For index i = 4, there are 3 distinct elements in the prefix and no elements in the suffix. Thus, diff[4] = 3 - 0 = 3.
Constraints
1 <= n == nums.length <= 501 <= nums[i] <= 50
Solution
Method 1 – Prefix and Suffix Set Counting
Intuition
For each index, count the number of distinct elements in the prefix and the suffix. Use sets to efficiently track unique elements as you sweep from left and right.
Approach
- Initialize an array to store prefix distinct counts and another for suffix distinct counts.
- Sweep from left to right, maintaining a set of seen elements, and fill prefix counts.
- Sweep from right to left, maintaining a set of seen elements, and fill suffix counts.

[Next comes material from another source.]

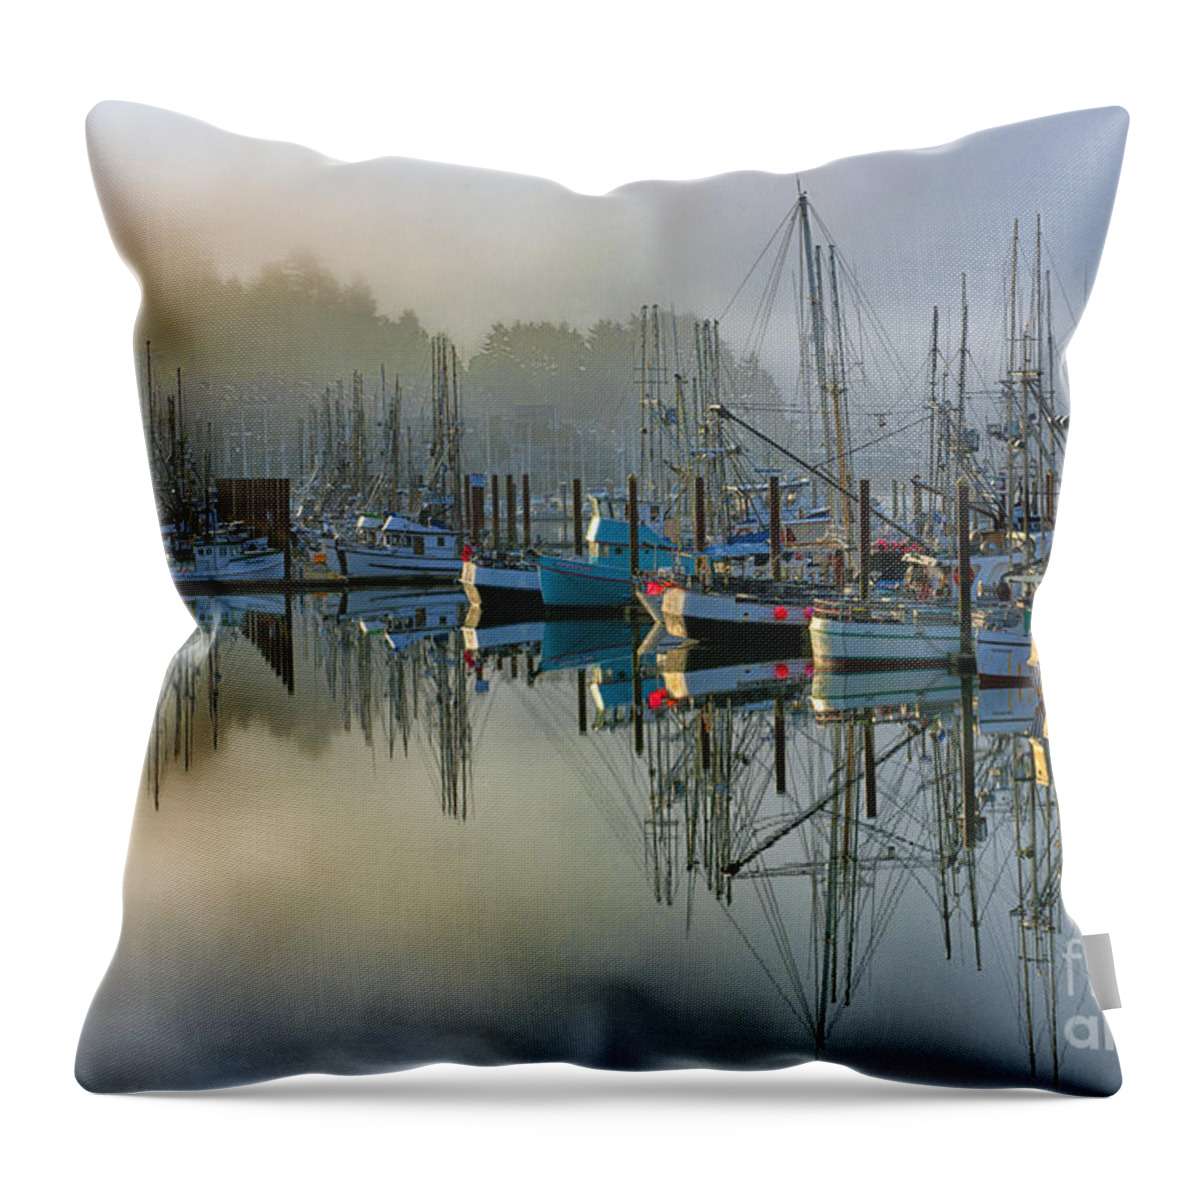 Harbor;sunrise;boats;fog;mist;clouds;reflection;reflections;harbors;newport;oregon;pacific;northwest;scenic;scenics;fishing;waterscape;waterscapes;sandra Bronstein;mirror;colorful;horizontal;morning;moody;fine;art;photography;canvas;prints;posters;greeting;cards;notecards;iconic;tourism;travel;port;seaport;acrylic;photographs; Throw Pillow featuring the photograph Sunrise At Newport Harbor by Sandra Bronstein

- For each index i, diff[i] = prefix[i] - suffix[i].
- Return the diff array.
Code
C++
class Solution {
public:
vector<int> distinctDifferenceArray(vector<int>& nums) {
int n = nums.size();
vector<int> pre(n), suf(n), ans(n);
unordered_set<int> s;
for (int i = 0; i < n; ++i) {
s.insert(nums[i]);
pre[i] = s.size();
}
s.clear();
for (int i = n-1; i >= 0; --i) {
suf[i] = s.size();
s.insert(nums[i]);
}
for (int i = 0; i < n; ++i) ans[i] = pre[i] - suf[i];
return ans;
}
};
Go
func distinctDifferenceArray(nums []int) []int {
n := len(nums)
pre := make([]int, n)
suf := make([]int, n)
ans := make([]int, n)
s := map[int]struct{}{}
for i := 0; i < n; i++ {
s[nums[i]] = struct{}{}
pre[i] = len(s)
}
s = map[int]struct{}{}
for i := n-1; i >= 0; i-- {
suf[i] = len(s)
s[nums[i]] = struct{}{}
}
for i := 0; i < n; i++ {
ans[i] = pre[i] - suf[i]
}
return ans
}
Java
class Solution {
public int[] distinctDifferenceArray(int[] nums) {
int n = nums.length;
int[] pre = new int[n], suf = new int[n], ans = new int[n];
Set<Integer> s = new HashSet<>();
for (int i = 0; i < n; ++i) {
s.add(nums[i]);
pre[i] = s.size();
}
s.clear();
for (int i = n-1; i >= 0; --i) {
suf[i] = s.size();
s.add(nums[i]);
}
for (int i = 0; i < n; ++i) ans[i] = pre[i] - suf[i];
return ans;
}
}
Kotlin
class Solution {
fun distinctDifferenceArray(nums: IntArray): IntArray {
val n = nums.size
val pre = IntArray(n)
val suf = IntArray(n)
val ans = IntArray(n)
val s = mutableSetOf<Int>()
for (i in 0 until n) {
s.add(nums[i])
pre[i] = s.size
}
s.clear()
for (i in n-1 downTo 0) {
suf[i] = s.size
s.add(nums[i])
}
for (i in 0 until n) ans[i] = pre[i] - suf[i]
return ans
}
}
Python
class Solution:
def distinctDifferenceArray(self, nums: list[int]) -> list[int]:
n = len(nums)
pre, suf, ans = [0]*n, [0]*n, [0]*n
s = set()
for i in range(n):
s.add(nums[i])
pre[i] = len(s)
s.clear()
for i in range(n-1, -1, -1):
suf[i] = len(s)
s.add(nums[i])
for i in range(n):
ans[i] = pre[i] - suf[i]
return ans
Rust
use std::collections::HashSet;
impl Solution {
pub fn distinct_difference_array(nums: Vec<i32>) -> Vec<i32> {
let n = nums.len();
let mut pre = vec![0; n];
let mut suf = vec![0; n];
let mut ans = vec![0; n];
let mut s = HashSet::new();
for i in 0..n {
s.insert(nums[i]);
pre[i] = s.len() as i32;
}
s.clear();
for i in (0..n).rev() {
suf[i] = s.len() as i32;
s.insert(nums[i]);
}
for i in 0..n {
ans[i] = pre[i] - suf[i];
}
ans
}
}
TypeScript
class Solution {
distinctDifferenceArray(nums: number[]): number[] {
const n = nums.length, pre = Array(n).fill(0), suf = Array(n).fill(0), ans = Array(n).fill(0);
const s = new Set<number>();
for (let i = 0; i < n; ++i) {
s.add(nums[i]);
pre[i] = s.size;
}
s.clear();
for (let i = n-1; i >= 0; --i) {
suf[i] = s.size;
s.add(nums[i]);
}
for (let i = 0; i < n; ++i) ans[i] = pre[i] - suf[i];
return ans;
}
}
Complexity
- ⏰ Time complexity:
O(n), as each element is processed twice. - 🧺 Space complexity:
O(n), for the prefix, suffix, and answer arrays.